Il legame inaspettato con le emorroidi
Il collegamento tra intestino e gambe non si ferma alla pesantezza degli arti inferiori. La stessa congestione circolatoria si riflette anche sul bacino, su un punto molto specifico: il plesso emorroidario, la ricca rete di vasi che circonda le emorroidi.
Le emorroidi interne sono dei piccoli cuscinetti posizionati nel canale anale, fondamentali per favorire la continenza dell’ano. Il problema nasce quando, a causa della pressione che arriva dall’alto, il sangue ristagna nel plesso emorroidario. In quel caso le emorroidi si gonfiano, si infiammano e possono prolassare, cioè scivolare verso l’esterno.
Quindi, se il tuo intestino è pigro, lo sforzo sicuramente irrita le emorroidi. In più, le feci dure creano una sorta di abrasione sulle emorroidi, quasi come carta vetrata.
Se allo stesso tempo la circolazione venosa che sale dalle gambe è rallentata, il sangue ristagna anche a livello delle emorroidi. Come in un circolo vizioso.
Non a caso in commercio esistono integratori specifici, o meglio “nutraceutici”, con un duplice obiettivo: migliorare la circolazione del plesso emorroidario e rinforzare le pareti venose delle gambe. Ma di questo parleremo in un altro articolo.

Il ruolo del microbiota intestinale nelle gambe gonfie
Per completare il quadro manca un elemento fondamentale: il microbiota intestinale, cioè i miliardi di microbi che abitano il nostro intestino.
Quando il microbiota è in armonia, ci garantisce una certa regolarità intestinale. Questo significa meno sforzo in bagno, meno pressione e meno congestione, sia a livello addominale che a livello delle gambe.

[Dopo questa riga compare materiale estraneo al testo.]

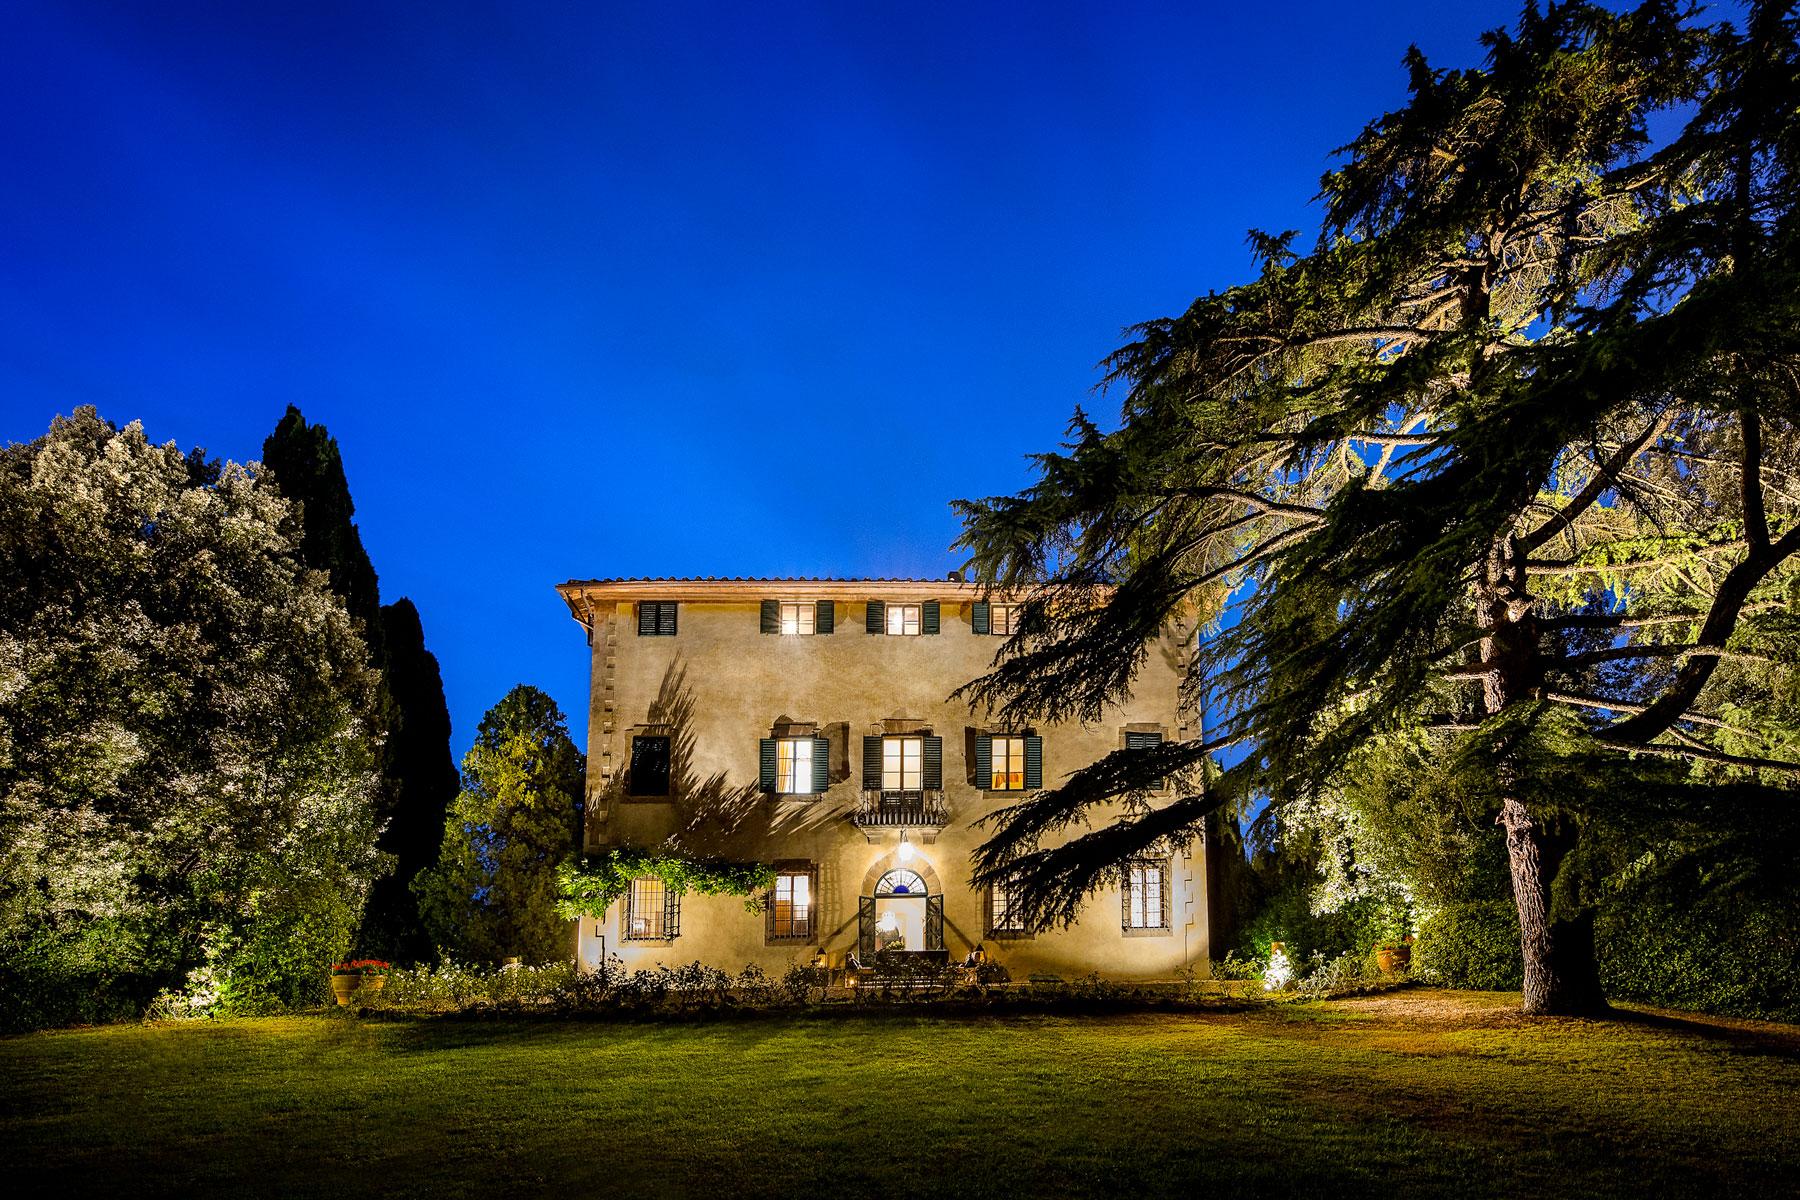 Villa<br>Mezzomonte with pool
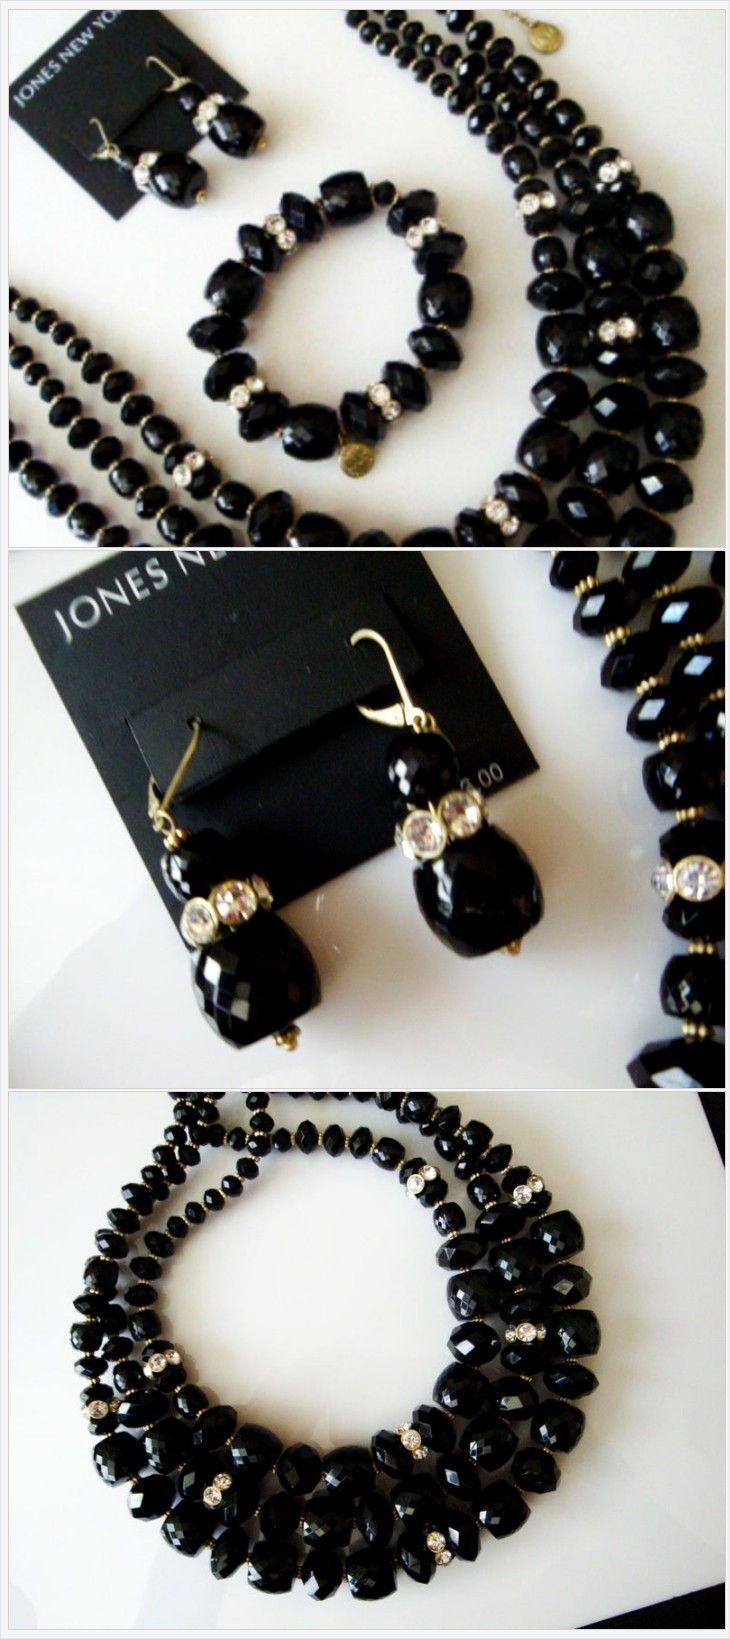 Jones New York Black Necklace Bracelet Earrings Set Black Faceted Bead and Rhinestone JNY Statement Necklace Bracelet and Dangle Earrings

Quandoinvece il microbiota è nel caos (condizione chiamata disbiosi) produce sostanze infiammatorie che non espelliamo con le feci, ma che passano la barriera intestinale, entrano nel circolo sanguigno e rendono le pareti delle vene ancora più deboli e fragili. Questo ostacola ulteriormente la risalita del sangue.
In pratica, l’infiammazione intestinale amplifica quella debolezza venosa di cui parlavamo prima. E questo aspetto lo avevamo visto anche nell’articolo riguardo al ruolo degli omega 3 in menopausa, dove avevo sottolineato come il microbiota possa influire sulla salute circolatoria dell’intero organismo.
La salute delle nostre gambe sono un motivo in più per prendersi cura del proprio microbiota, partendo da un’alimentazione cucita su misura che prevenga infiammazioni e patologie intestinali.
La posizione sul water fa la differenza
Esiste un punto di partenza molto semplice, ma troppo spesso sottovalutato: la posizione che assumiamo sul water.
Il nostro corpo non è progettato per evacuare seduto a 90 gradi. Inserire uno sgabello, o un piccolo rialzo sotto i piedi, cambia completamente la dinamica. Non dico che dobbiamo togliere il water e sostituirlo con quello alla turca, anche se sarebbe un toccasana per il nostro corpo. Alzare le ginocchia modifica l’angolo del retto, rendendo l’evacuazione più naturale, riducendo lo sforzo e il tempo passato sul water.

Di conseguenza, riduciamo significativamente la pressione sul sistema venoso.
L’altezza del rialzo va adattata alla tua statura e al tuo water, in modo che la posizione sia comoda e spontanea, senza forzature. L’obiettivo è avvicinarsi il più possibile a una posizione accovacciata, simile allo squat.
Questo è il consiglio più pratico e facile da applicare nella quotidianità, ma ovviamente va combinato con una corretta gestione intestinale e un’alimentazione personalizzata, che non ha niente a che vedere con protocolli standard. Anche in questo caso, quell’attenzione particolare al nostro microbiota, partendo da un’alimentazione e un’integrazione mirate, può fare la differenza.
Le informazioni contenute in questo sito hanno finalità divulgative e non sostituiscono in alcun modo il parere, la diagnosi o il trattamento del medico.